Leaving out all pictures, return the records word for word.

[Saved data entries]
******************************

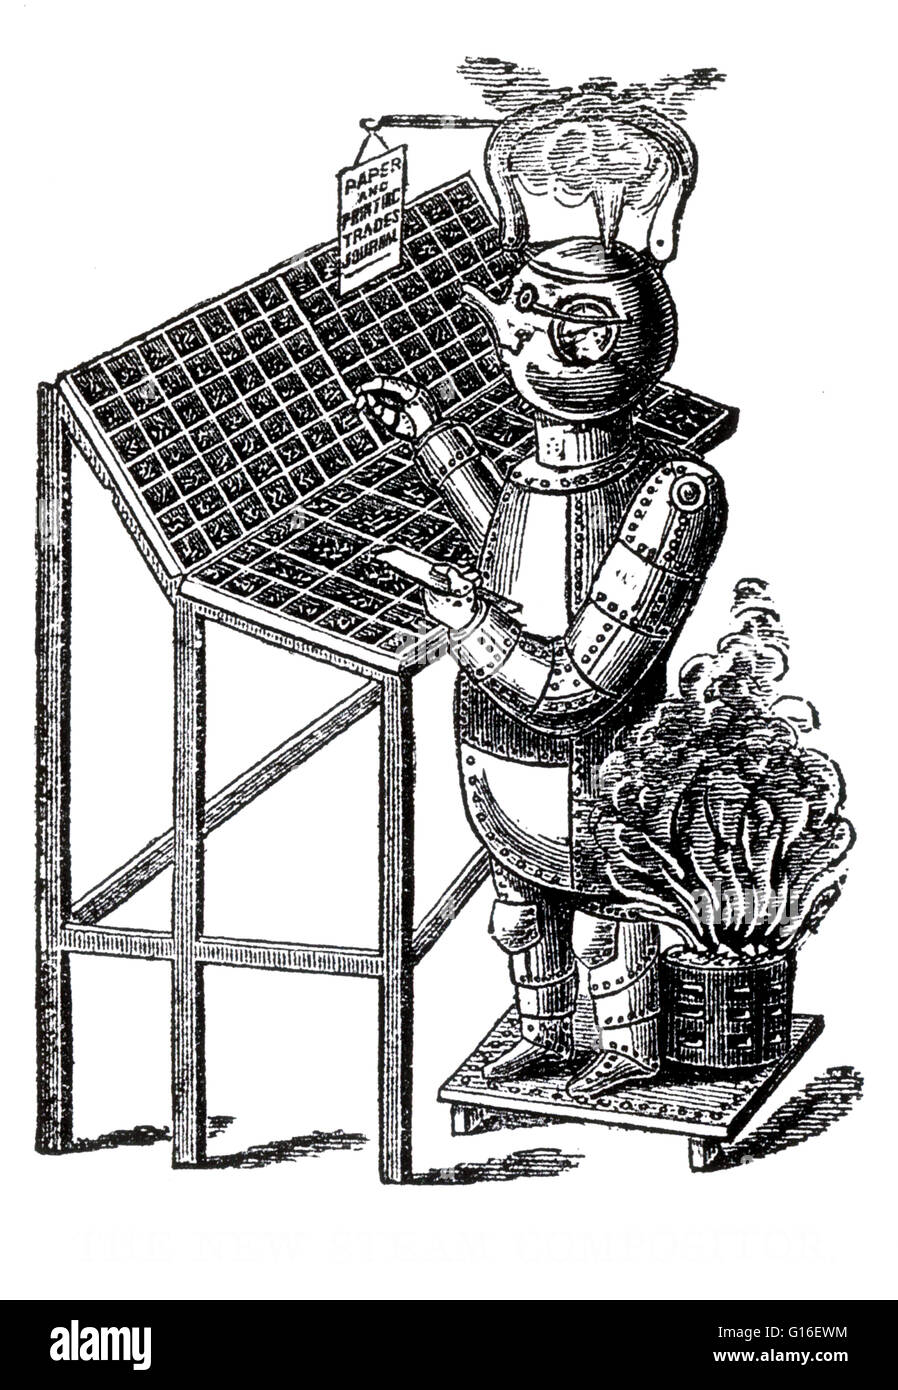 Le terme 'robot' a été utilisé pour désigner les automates fictif dans un jeu de 1921 par l'écrivain tchèque R.U.R, Karel Capek. En 1928, l'un des premiers robots humanoïdes a été exposée à l'exposition annuelle de la Model Engineers Society de Londres. Inventé par W. Banque D'Images
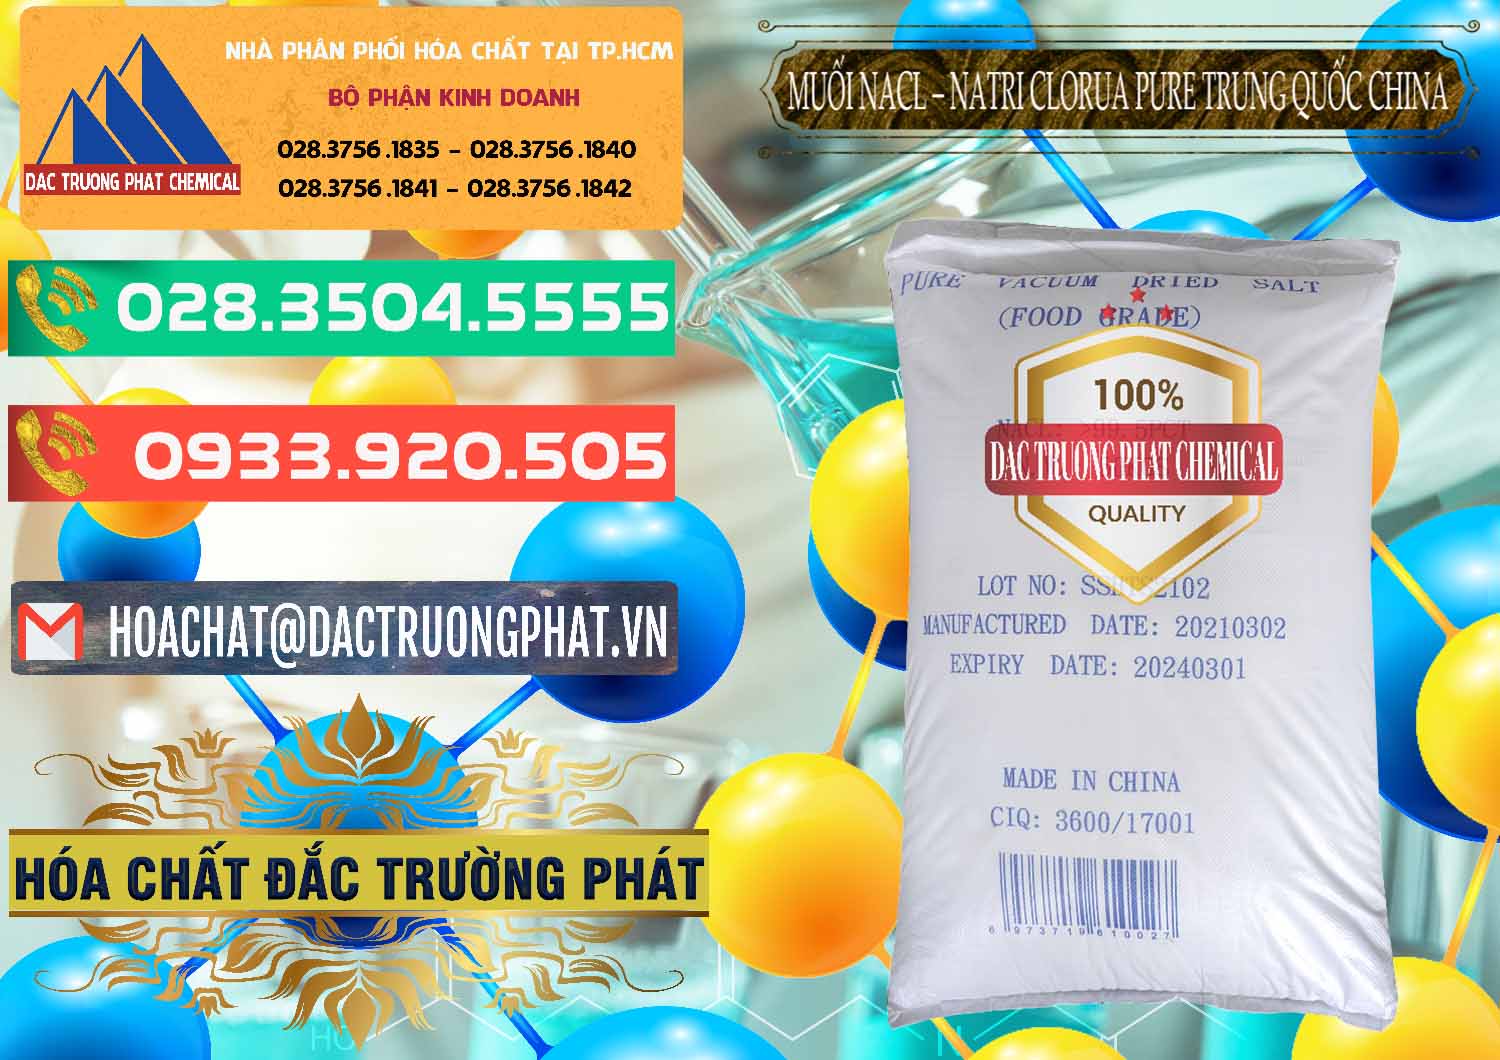 Chuyên cung ứng - bán Muối NaCL – Sodium Chloride Pure Trung Quốc China - 0230 - Công ty chuyên bán - phân phối hóa chất tại TP.HCM - congtyhoachat.com.vn
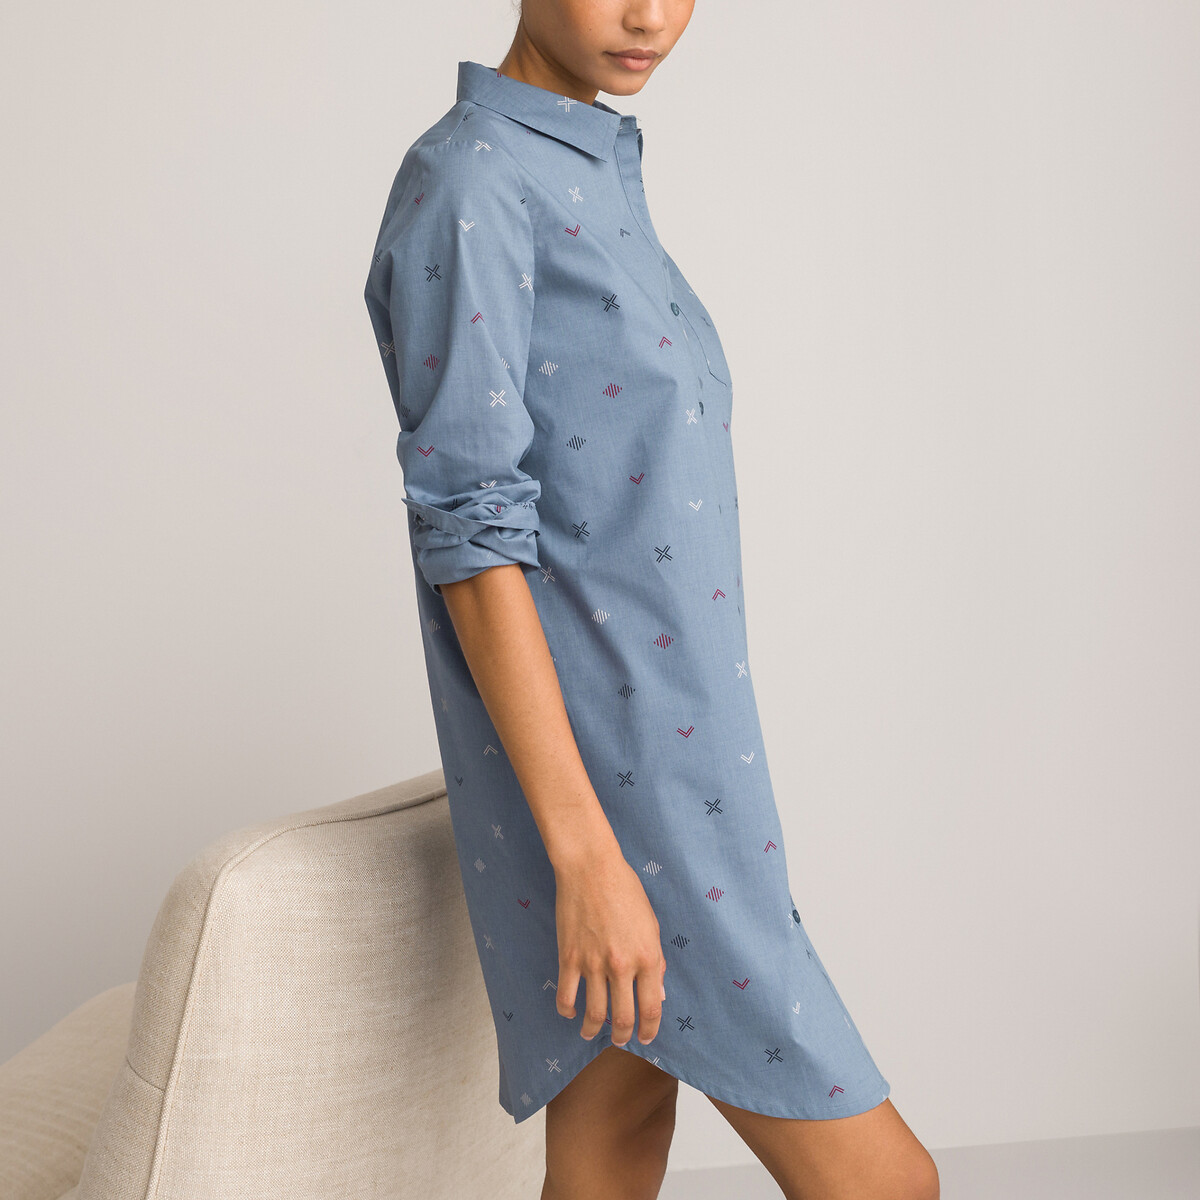 Рубашка Ночная из ткани шамбре с принтом 46 (FR) - 52 (RUS) синий
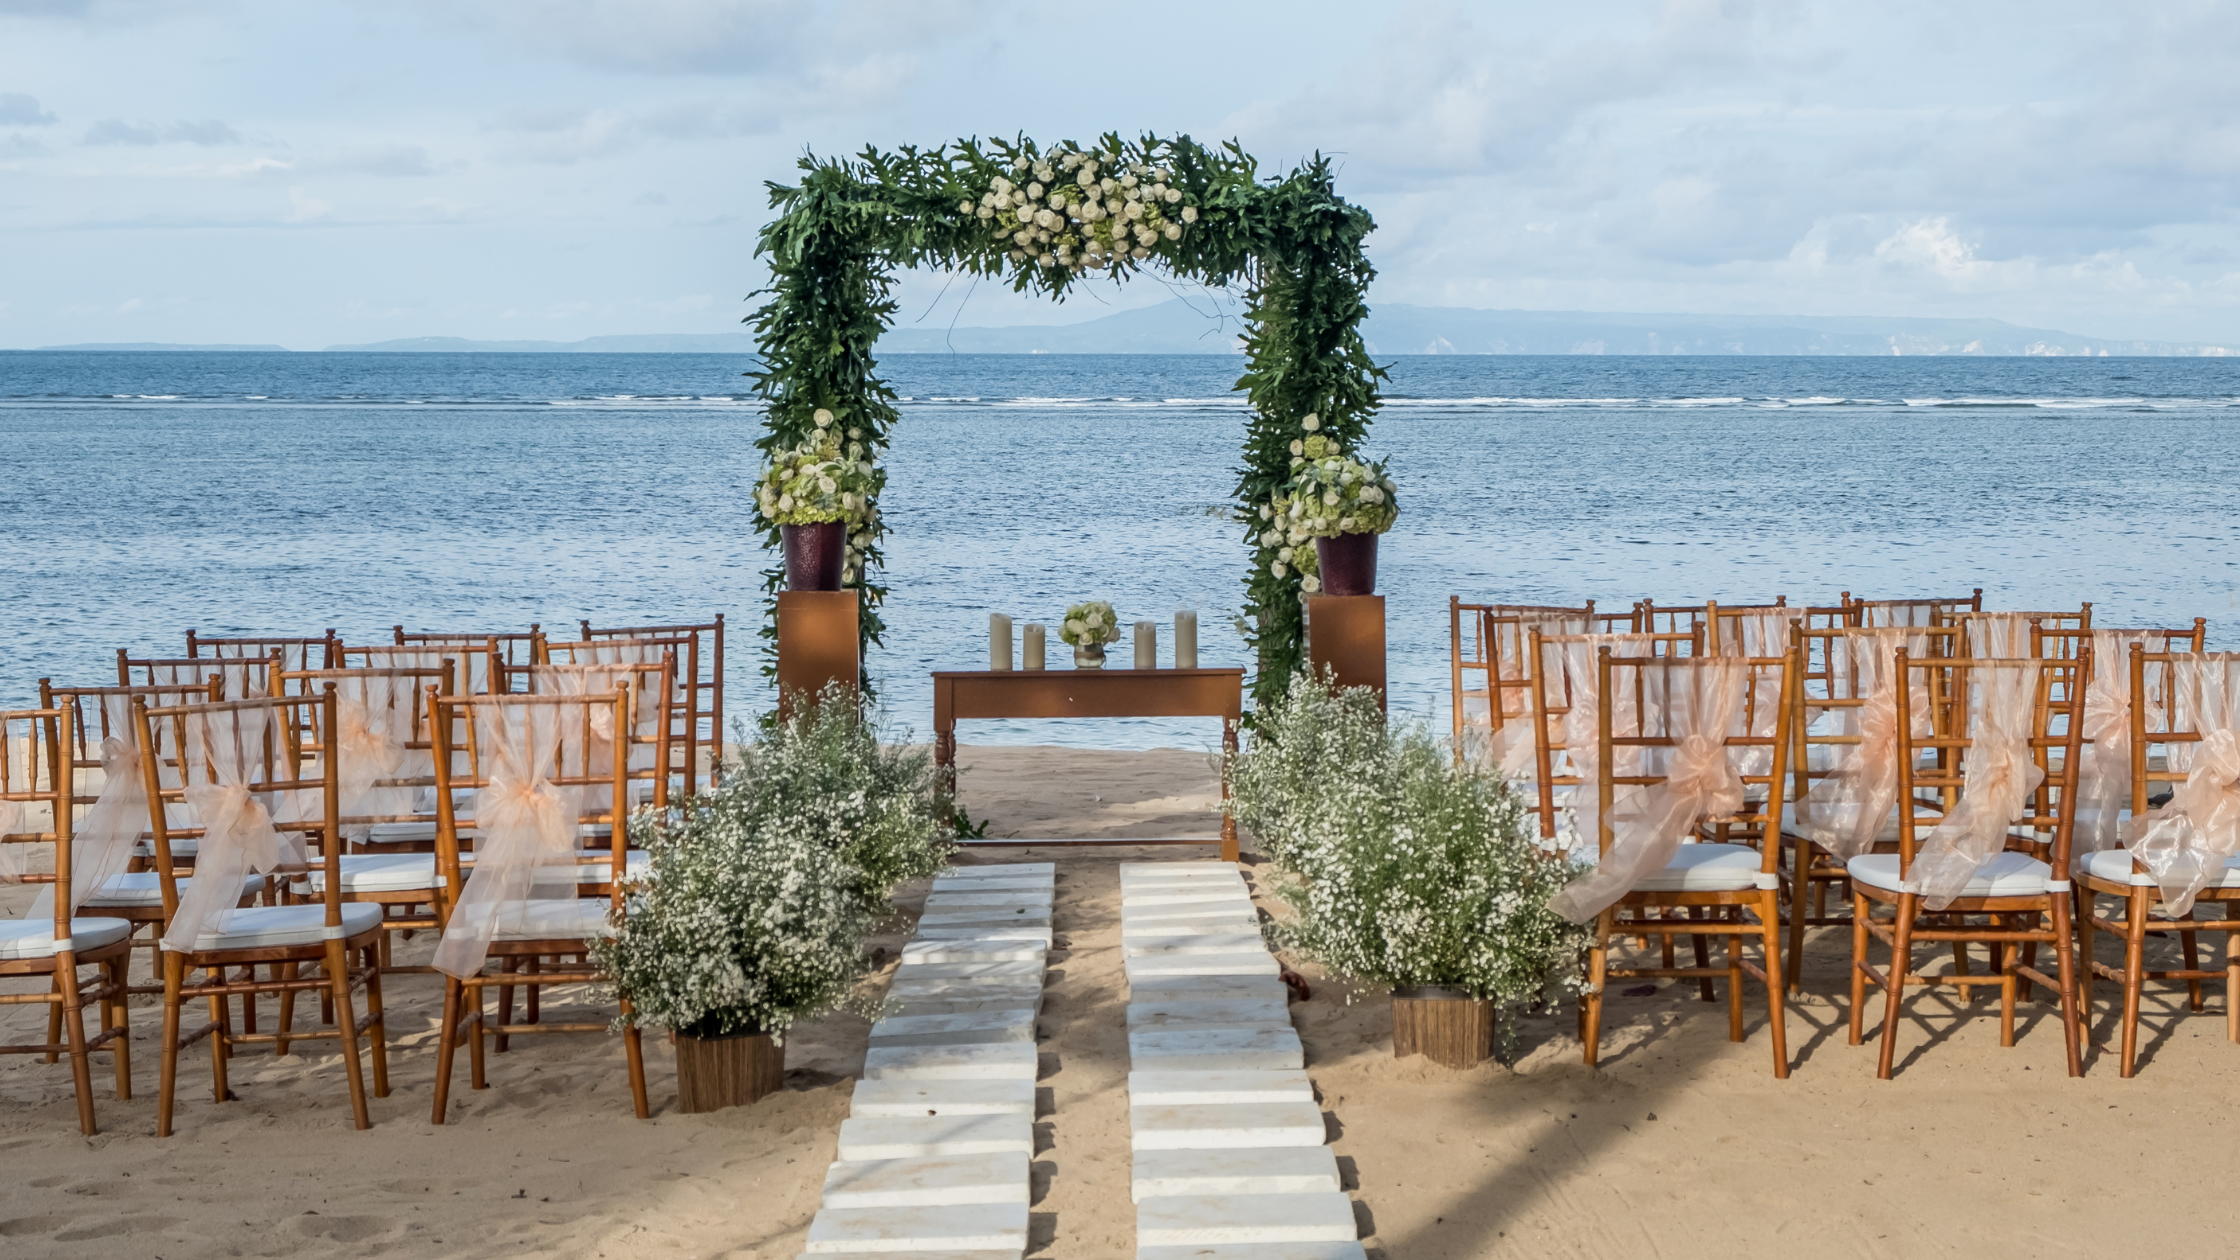 Stunning Underwater Wedding Photography Inspiration - Destination
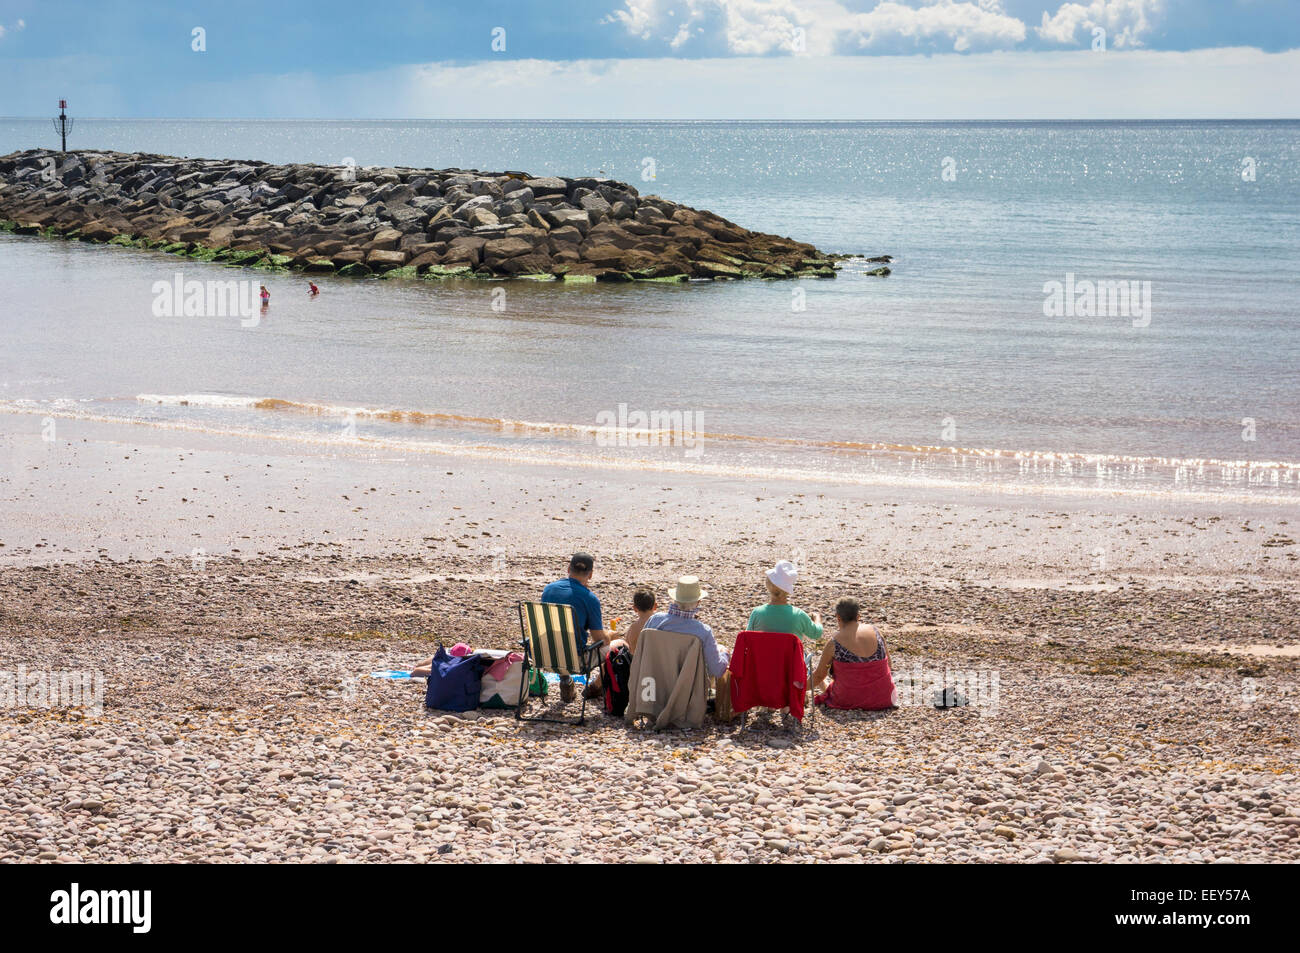 Persone in sedie a sdraio sulla spiaggia in vacanza al mare uk resort di Sidmouth, East Devon, Inghilterra, Regno Unito Foto Stock

******************************

- Problem solution:
 Le terme 'robot' a été utilisé pour désigner les automates fictif dans un jeu de 1921 par l'écrivain tchèque R.U.R, Karel Capek. En 1928, l'un des premiers robots humanoïdes a été exposée à l'exposition annuelle de la Model Engineers Society de Londres. Inventé par W. Banque D'Images
 Chuyên cung ứng - bán Muối NaCL – Sodium Chloride Pure Trung Quốc China - 0230 - Công ty chuyên bán - phân phối hóa chất tại TP.HCM - congtyhoachat.com.vn
 Рубашка Ночная из ткани шамбре с принтом 46 (FR) - 52 (RUS) синий
 Stunning Underwater Wedding Photography Inspiration - Destination
 Persone in sedie a sdraio sulla spiaggia in vacanza al mare uk resort di Sidmouth, East Devon, Inghilterra, Regno Unito Foto Stock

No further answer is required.